CAS’s primary witness had a Ph.D. in electrical engineering, not
medicine or physiology. Another CAS
witness published an article in 2012 that appeared to support Nellcor’s
position; the court “look[ed] forward” to hearing him explain himself at trial
and undergo cross-examination. Credibility determinations were for trial,
though. (Or, hint hint, settlement.)
The court did reject several of Nellcorp’s criticisms of
CAS-commissioned studies. None of the
alleged flaws made the studies unreliable.
It was not enough that the doctor running the study dropped some
participants for unknown reasons, or that CAS provided draft abstracts and
reviewed data calculations, when the doctor decided the final content. Some issues of reliability could be explored
at trial, such as whether studies on healthy patients could be extrapolated to
the patients actually in need of oximeters.
As for the incorrect reference to studies on CAS’s webpage,
the articles and their summaries all concluded that use of cerebral oximeters
could improve patient outcomes; they weren’t comparative. Nellcor didn’t show that the false
attribution was material to a consumer’s purchasing decisions, “given the short
amount of time the material was on the web site and the fact that articles only
generally relate to cerebral oximetry.”
As for res judicata, CAS argued that the claims were barred
because Nellcor filed and dismissed with prejudice an earlier false advertising
case. The court disagreed: the claims were based on advertising after the case
was dismissed, and thus could not have been brought earlier.

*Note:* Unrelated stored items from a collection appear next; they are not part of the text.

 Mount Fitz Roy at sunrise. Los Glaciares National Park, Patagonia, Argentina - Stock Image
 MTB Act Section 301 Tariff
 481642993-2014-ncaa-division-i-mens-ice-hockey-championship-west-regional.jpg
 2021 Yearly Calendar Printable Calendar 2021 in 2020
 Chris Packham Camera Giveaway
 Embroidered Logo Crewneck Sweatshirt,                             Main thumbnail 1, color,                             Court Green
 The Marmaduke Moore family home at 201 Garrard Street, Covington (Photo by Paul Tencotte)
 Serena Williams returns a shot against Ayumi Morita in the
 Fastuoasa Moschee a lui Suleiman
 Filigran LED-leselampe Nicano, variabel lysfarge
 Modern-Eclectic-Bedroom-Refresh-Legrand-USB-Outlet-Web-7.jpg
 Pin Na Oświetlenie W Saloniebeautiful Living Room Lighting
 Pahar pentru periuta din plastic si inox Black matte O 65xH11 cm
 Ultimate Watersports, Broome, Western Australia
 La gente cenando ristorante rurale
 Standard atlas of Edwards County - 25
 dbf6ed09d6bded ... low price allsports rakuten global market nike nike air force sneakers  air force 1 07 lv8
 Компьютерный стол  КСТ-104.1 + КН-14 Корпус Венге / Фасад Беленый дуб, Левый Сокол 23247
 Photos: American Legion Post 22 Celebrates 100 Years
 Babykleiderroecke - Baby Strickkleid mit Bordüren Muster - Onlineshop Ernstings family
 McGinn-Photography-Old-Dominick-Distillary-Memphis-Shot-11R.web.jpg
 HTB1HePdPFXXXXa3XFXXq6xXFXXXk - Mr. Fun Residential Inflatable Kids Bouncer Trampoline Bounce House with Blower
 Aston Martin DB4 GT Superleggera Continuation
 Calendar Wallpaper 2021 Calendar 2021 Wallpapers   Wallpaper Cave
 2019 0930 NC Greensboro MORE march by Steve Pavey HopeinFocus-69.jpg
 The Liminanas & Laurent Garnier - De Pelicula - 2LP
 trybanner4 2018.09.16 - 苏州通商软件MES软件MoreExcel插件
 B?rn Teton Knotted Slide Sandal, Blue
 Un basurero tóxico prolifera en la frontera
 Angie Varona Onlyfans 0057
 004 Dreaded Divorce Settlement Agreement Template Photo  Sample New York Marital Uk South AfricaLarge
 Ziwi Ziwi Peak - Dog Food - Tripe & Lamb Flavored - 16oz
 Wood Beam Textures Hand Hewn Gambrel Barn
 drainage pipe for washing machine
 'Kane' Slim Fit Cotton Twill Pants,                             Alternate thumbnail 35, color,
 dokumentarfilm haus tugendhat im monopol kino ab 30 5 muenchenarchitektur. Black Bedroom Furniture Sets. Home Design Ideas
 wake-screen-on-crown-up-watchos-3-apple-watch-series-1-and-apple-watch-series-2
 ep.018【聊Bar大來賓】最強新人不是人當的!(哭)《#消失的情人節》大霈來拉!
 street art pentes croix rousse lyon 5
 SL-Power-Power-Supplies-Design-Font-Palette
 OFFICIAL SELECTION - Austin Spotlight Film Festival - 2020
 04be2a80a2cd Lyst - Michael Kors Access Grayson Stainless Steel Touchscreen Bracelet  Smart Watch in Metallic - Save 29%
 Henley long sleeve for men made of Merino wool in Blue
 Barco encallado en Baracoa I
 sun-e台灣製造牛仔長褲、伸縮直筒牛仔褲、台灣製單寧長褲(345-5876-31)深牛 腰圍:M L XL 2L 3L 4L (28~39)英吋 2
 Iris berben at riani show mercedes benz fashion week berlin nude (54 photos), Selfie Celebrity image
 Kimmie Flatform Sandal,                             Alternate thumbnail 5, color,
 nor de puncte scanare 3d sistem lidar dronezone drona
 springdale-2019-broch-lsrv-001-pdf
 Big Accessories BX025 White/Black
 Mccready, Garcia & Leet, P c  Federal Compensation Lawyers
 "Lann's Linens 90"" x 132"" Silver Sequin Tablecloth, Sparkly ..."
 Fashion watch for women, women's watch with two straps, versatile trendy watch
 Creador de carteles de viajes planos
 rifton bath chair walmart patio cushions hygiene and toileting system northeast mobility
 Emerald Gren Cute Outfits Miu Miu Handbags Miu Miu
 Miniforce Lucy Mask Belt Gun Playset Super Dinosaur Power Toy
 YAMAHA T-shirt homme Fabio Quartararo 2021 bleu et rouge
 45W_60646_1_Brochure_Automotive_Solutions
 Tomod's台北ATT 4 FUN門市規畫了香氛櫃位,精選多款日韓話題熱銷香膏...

Though one of the
studies at issue was around earlier, it didn’t make the disputed “accuracy”
statements (though CAS subsequently relied on it to do so).
CAS also sought summary judgment on damages for lost
profits. CAS argued that its purchasers
were sophisticated buyers who didn’t rely on marketing or advertising, but
rather on their own evaluations in the field.
(Then why advertise?) Taking the
evidence in the light most favorable to Nellcor, Nellcor submitted sufficient
circumstantial evidence of lost sales: it went from 100% of the market down to
80-85%, with 10-15% now CAS’s (and another company at 2-5%). Nellcor’s evidence
was that CAS’s marketing strategy was to gain market share and get doctors’ and
hospitals’ attention by making comparative accuracy claims as the key selling
point.
Nellcor also sought corrective advertising damages. CAS
argued that Nellcor should already have engaged in corrective advertising,
because a plaintiff seeking such damages must timely counteradvertise unless
financially incapable of doing so. The
Sixth Circuit hasn’t addressed the issue, but the Ninth Circuit hasn’t required
counteradvertising around the time of the false advertising. The Sixth Circuit has allowed separate
recovery of counteradvertising expenses as reasonable business responses to
false advertising. Here, the court
denied summary judgment. If successful,
“Nellcor is entitled to recover the amount of money necessary to engage in a
corrective advertising campaign to correct for any damage to Nellcor’s goodwill
proved to be caused by CAS’s false advertising.”